Task brief:
Please reproduce the listing below exactly, leaving out every picture.

Data block:
■ ■ ■ ■
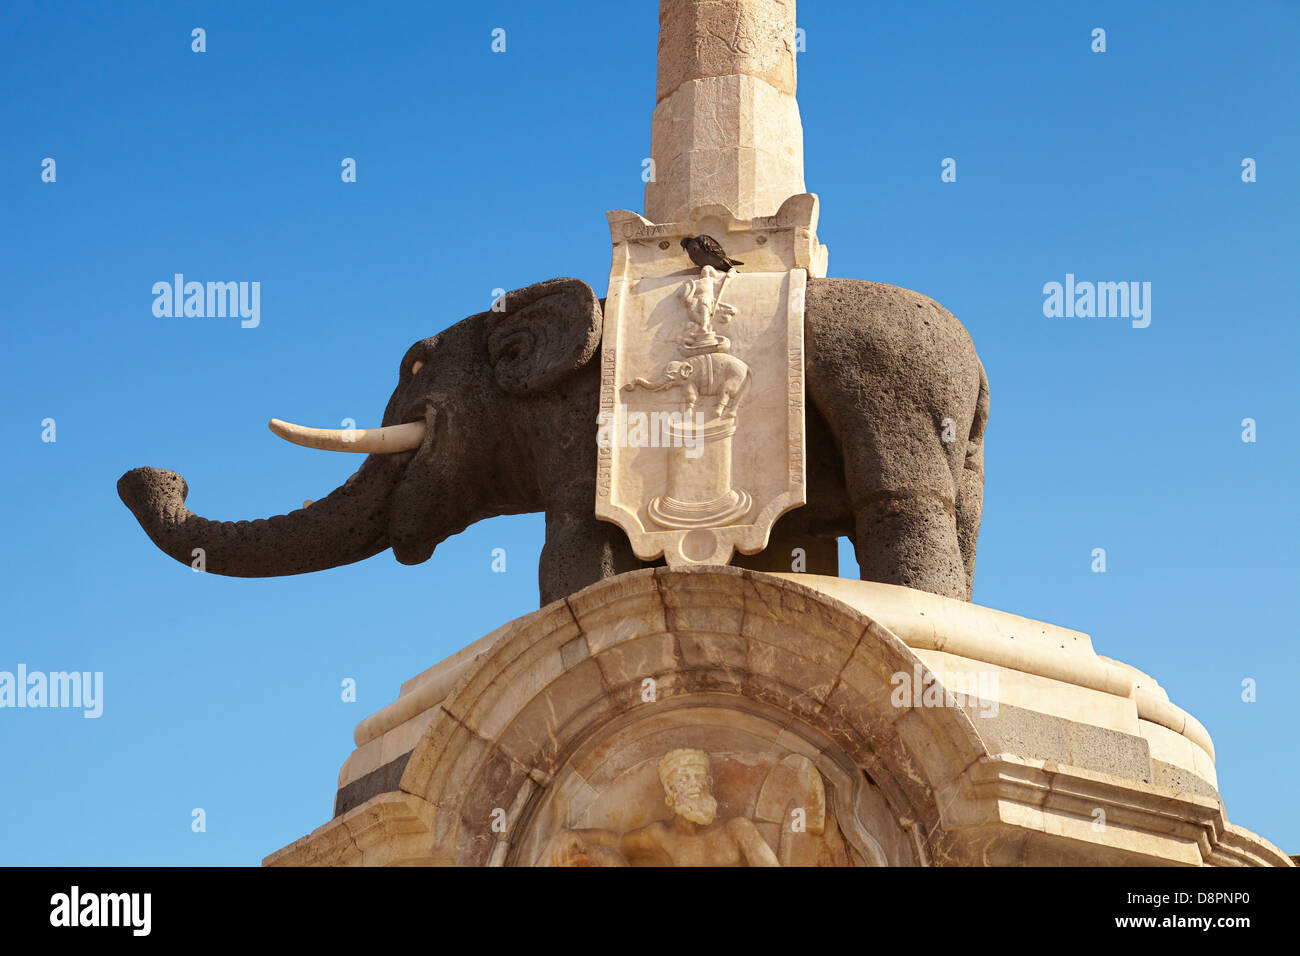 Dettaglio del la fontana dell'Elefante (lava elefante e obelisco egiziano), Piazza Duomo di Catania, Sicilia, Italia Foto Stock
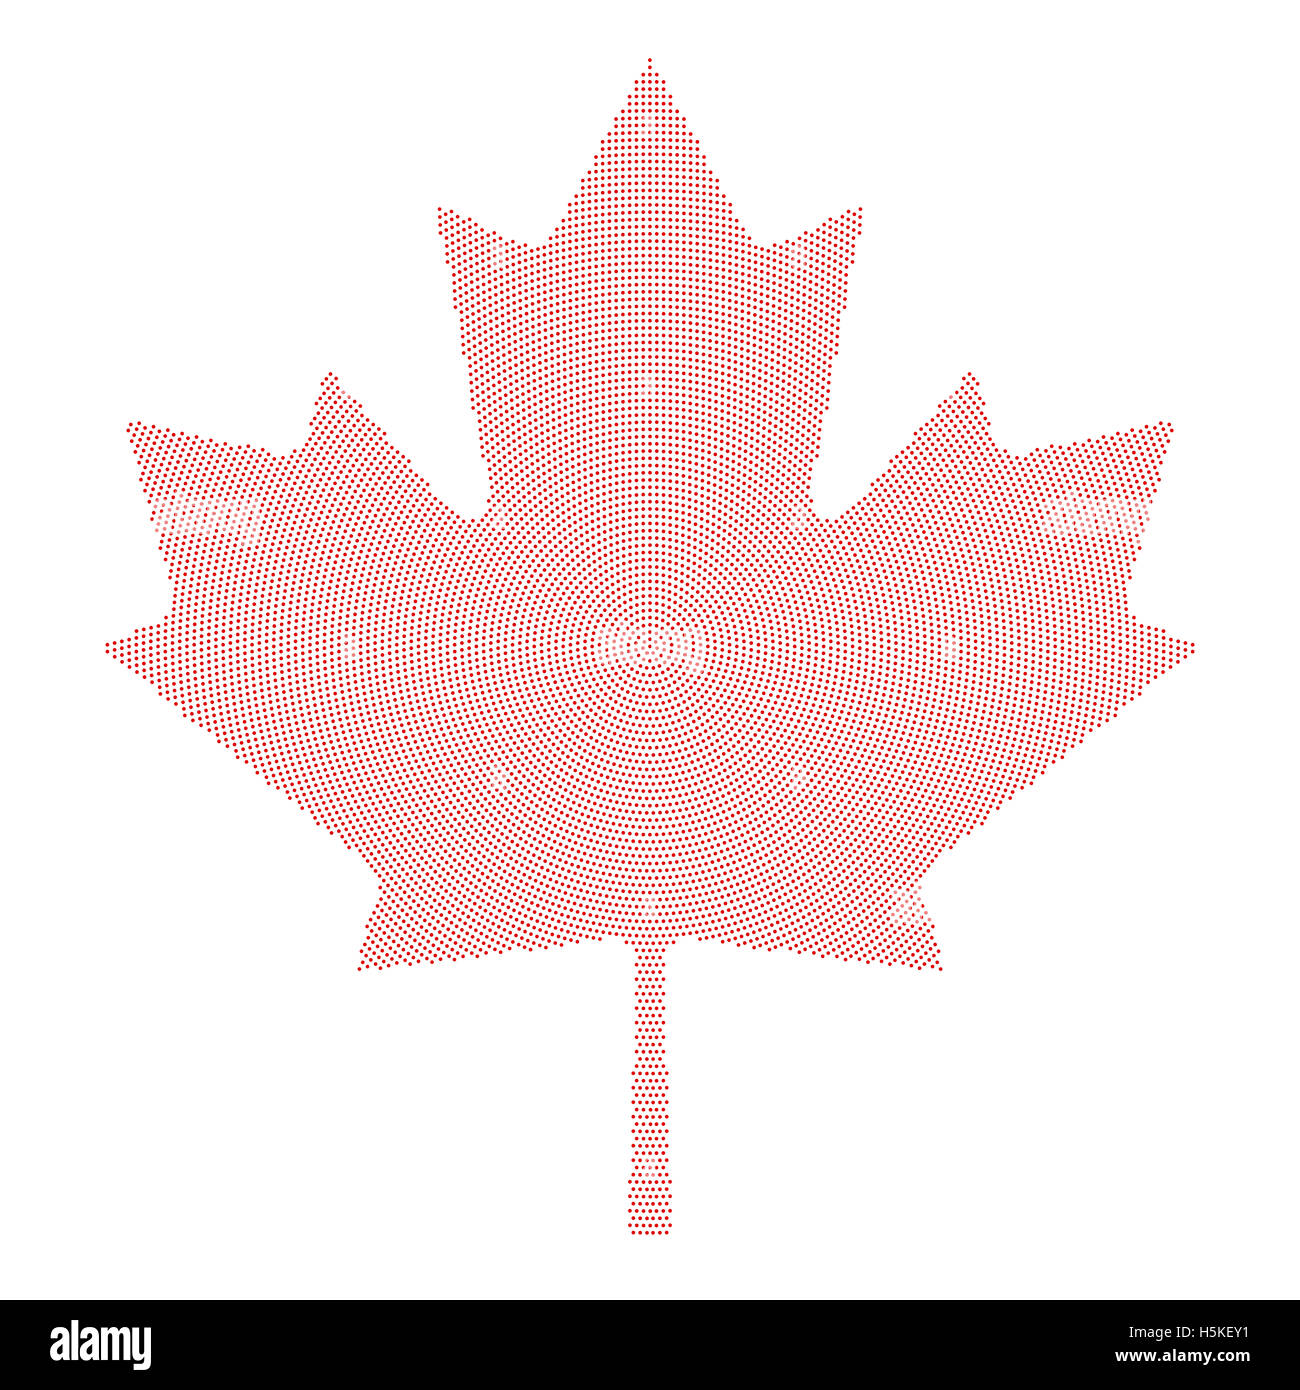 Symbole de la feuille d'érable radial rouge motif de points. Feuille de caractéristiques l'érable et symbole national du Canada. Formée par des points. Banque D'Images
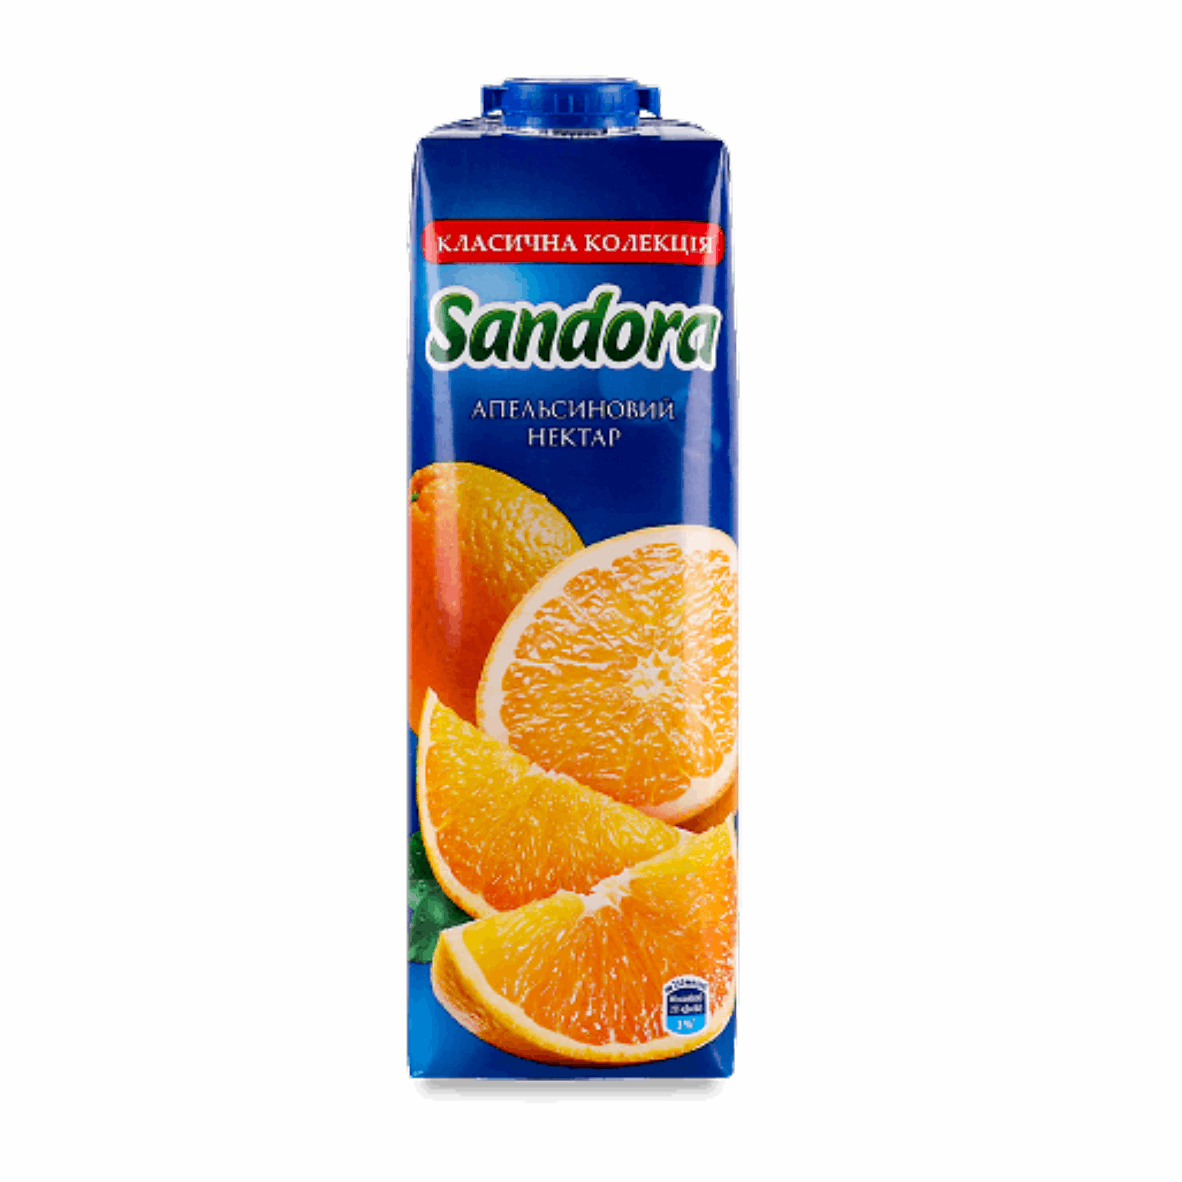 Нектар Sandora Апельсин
■ ■ ■ ■
Solved exercise:
 Dettaglio del la fontana dell'Elefante (lava elefante e obelisco egiziano), Piazza Duomo di Catania, Sicilia, Italia Foto Stock
 Symbole de la feuille d'érable radial rouge motif de points. Feuille de caractéristiques l'érable et symbole national du Canada. Formée par des points. Banque D'Images
 Нектар Sandora Апельсин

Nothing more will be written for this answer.